I have done some more calculations and here are my conclusions. The free length of the spring is ~1.1" therefore, to reach L2=0.224" you actually deflect the spring 0.876". Therefore, to solid there should be extra travel of


This dictates that the solid length is 0.224"-0.0973"=0.127"
For a wire diameter of 0.025" the number of total coils is 0.127"/0.025"=5.08 coils giving 3.08 active coils.

I do not believe you can have a spring that can meet the force and deflection not to mention to last more than 500,000 without some changes.

I don't know how many springs are you going to manufacture, however, to be able to do QA on the springs you can not ask for load accuracy beyond 90% deflection. Even for the 90% deflection it is commercially sound to ask for +/-10% tolerance on the force. You asks for two points of force and for both you need to give +/-10% tolerance.

I believe you should define only one load point (1.88 lb at L2), the spring geometry (wire material, wire diameter, OD and number of coils) will dictate the force at L1.

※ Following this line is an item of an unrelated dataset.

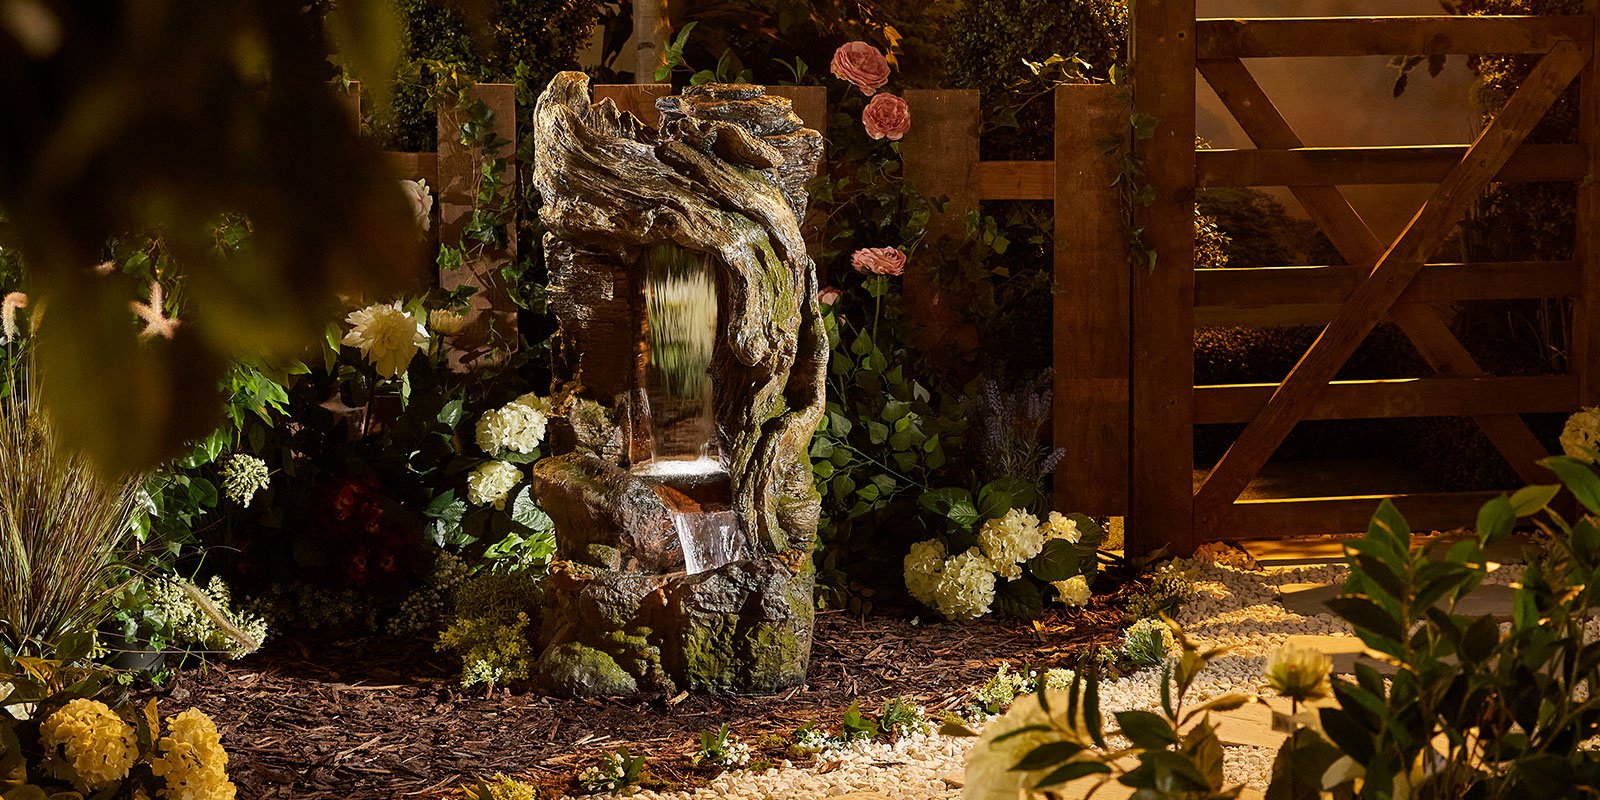 How To Choose an Outdoor Water Fountain

To get a sound design spring (shorter and with longer life than 500,000), to my best expertise you will need each spring to go a "preset/set-remove" secondary operation as the "final" production process. The spring should exhibit all the desired geometry and force/deflection properties "after" the preset operation. For the preset operation to be stable, each spring must be compressed to solid 12 times. This probably will make the spring price higher.

If you can accept OD lower than 0.375" you can find many more springs even with L1 smaller than 0.41" and L2 smaller than 0.224" but, all springs will have to go the preset operation.

I suspect that in the design process of your "hand-held application" the design of the spring left to the end of the design just to find that the space left for the spring is too small. If this is the case, you are not alone. During my over 40 years of experience I encountered endless such cases. I have no doubt that if the spring design was an integral part of the design process iterations, you were in a better position.

RE: compression %

Good info, Isrealkk. I appreciate the your time! I will take some time to process/ understand your points.

the original design had a much more "relaxed" spring design (it operated below 85% compression). It also had an allowance for a different spring with a longer travel motion. once all the pieces came together, the unit was longer than desired, so we are circling back to remove any possible length.